== Try it ==
The expected response is the complete listing below, restated exactly, with its pictures omitted.

== Data shown ==
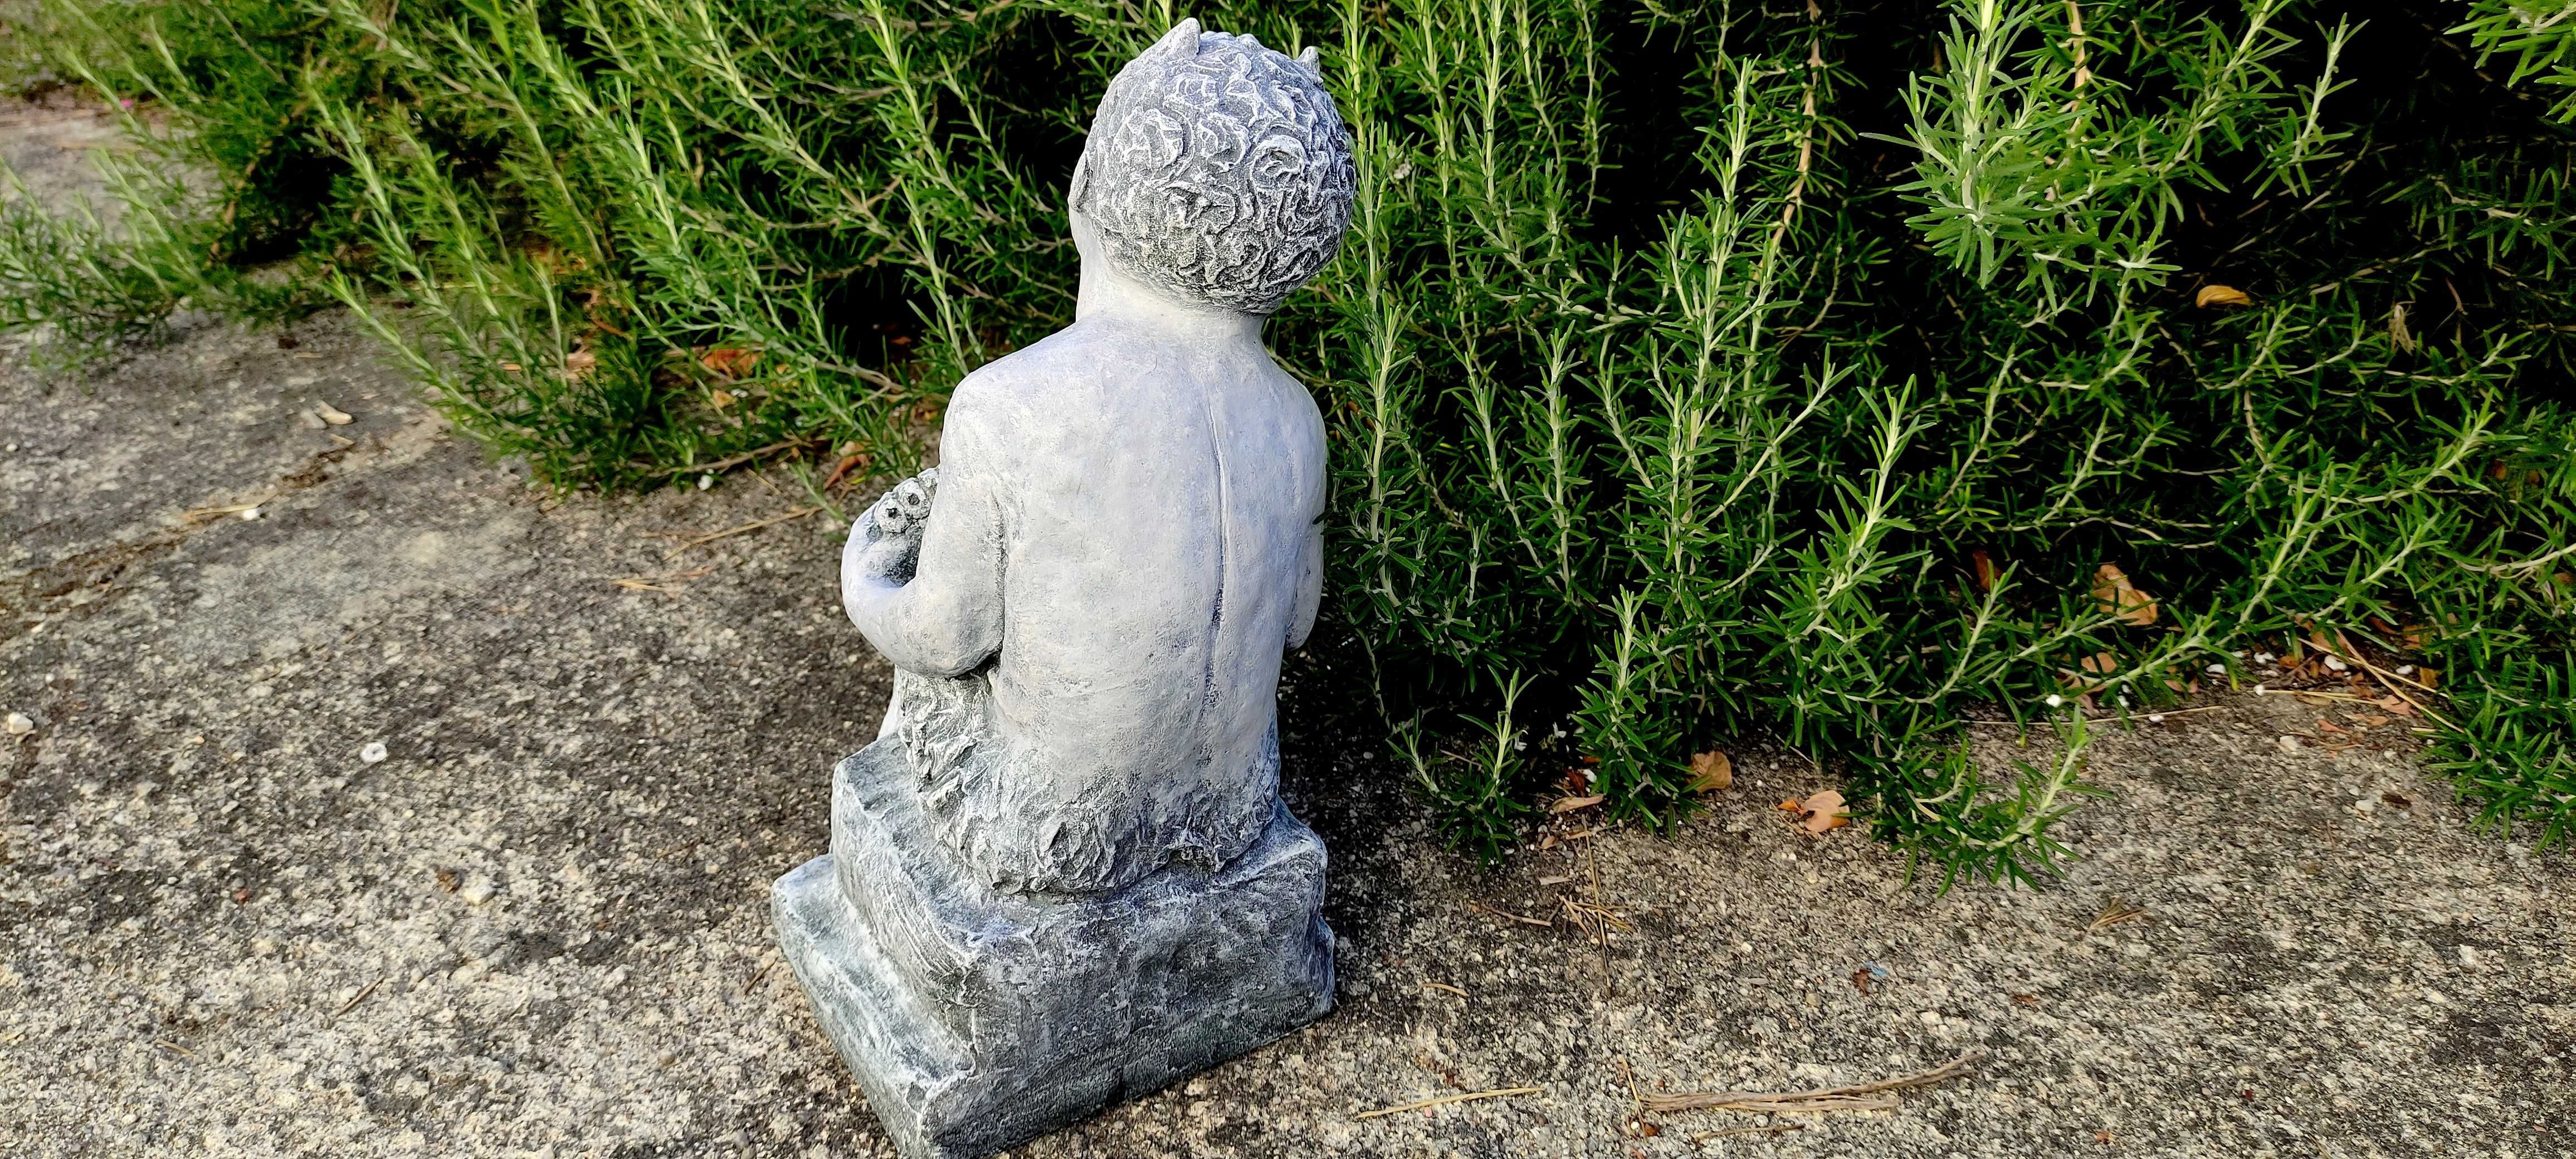 Pã (deus dos bosques) - decoração em pedra
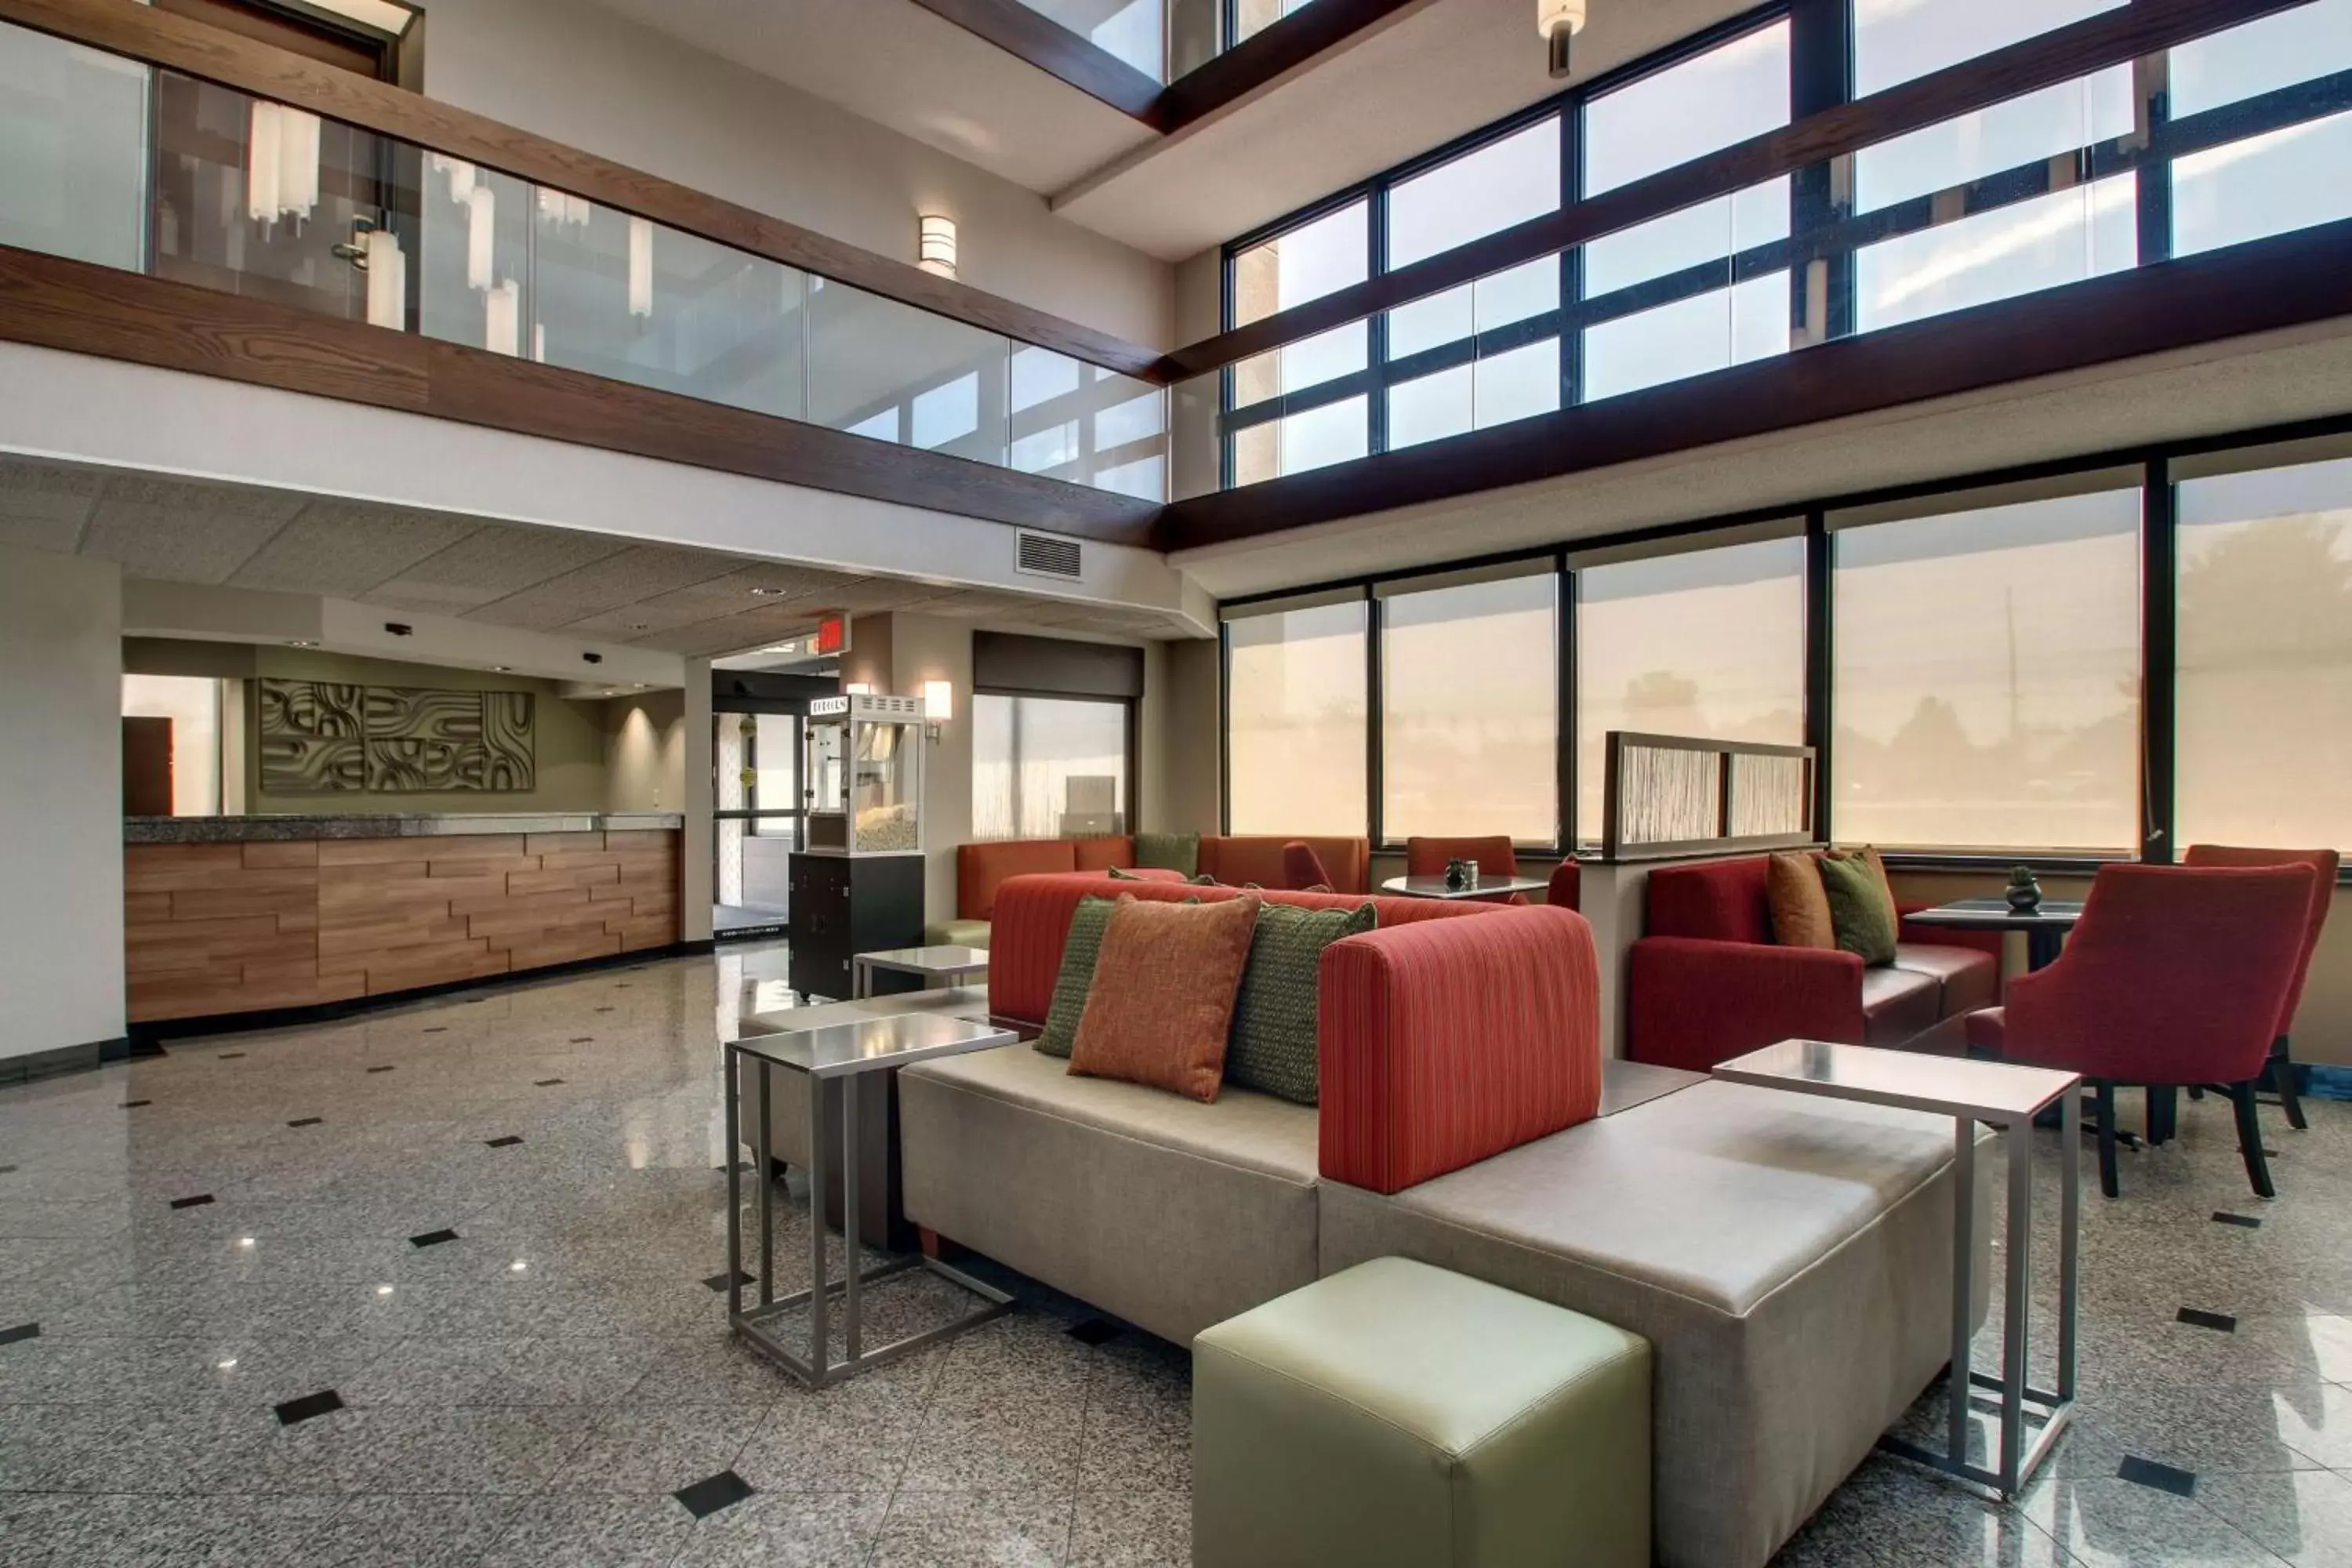 Lobby or reception in Drury Inn & Suites Evansville East
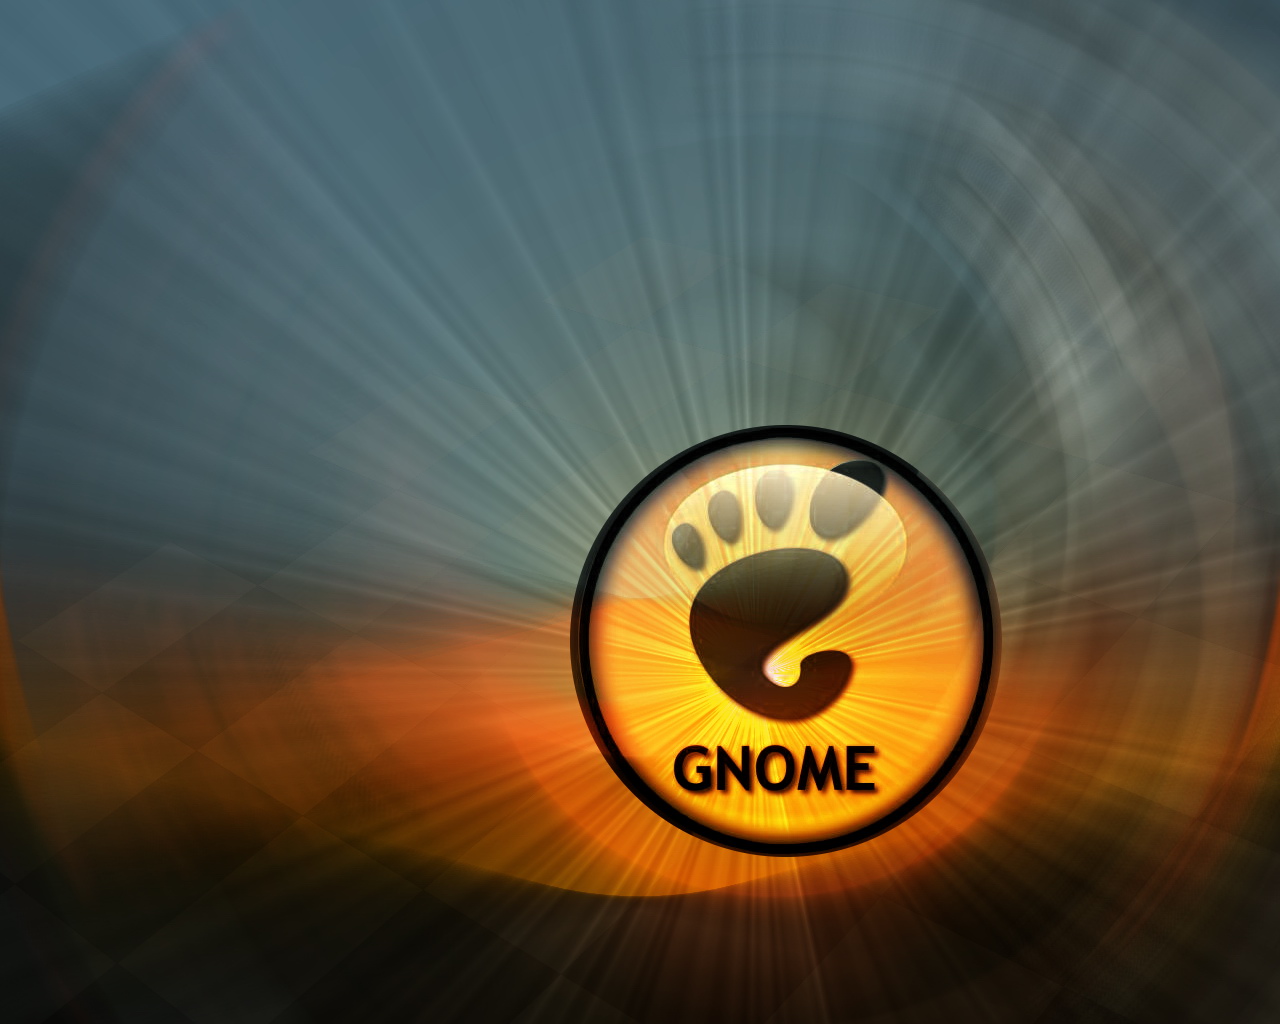 壁纸1280x10241280Gnome 1 6壁纸 Gnome 1280Gnome 第一辑壁纸 Gnome 1280Gnome 第一辑图片 Gnome 1280Gnome 第一辑素材 系统壁纸 系统图库 系统图片素材桌面壁纸

== Response area ==
 Pã (deus dos bosques) - decoração em pedra
 Lobby or reception in Drury Inn & Suites Evansville East
 壁纸1280x10241280Gnome 1 6壁纸 Gnome 1280Gnome 第一辑壁纸 Gnome 1280Gnome 第一辑图片 Gnome 1280Gnome 第一辑素材 系统壁纸 系统图库 系统图片素材桌面壁纸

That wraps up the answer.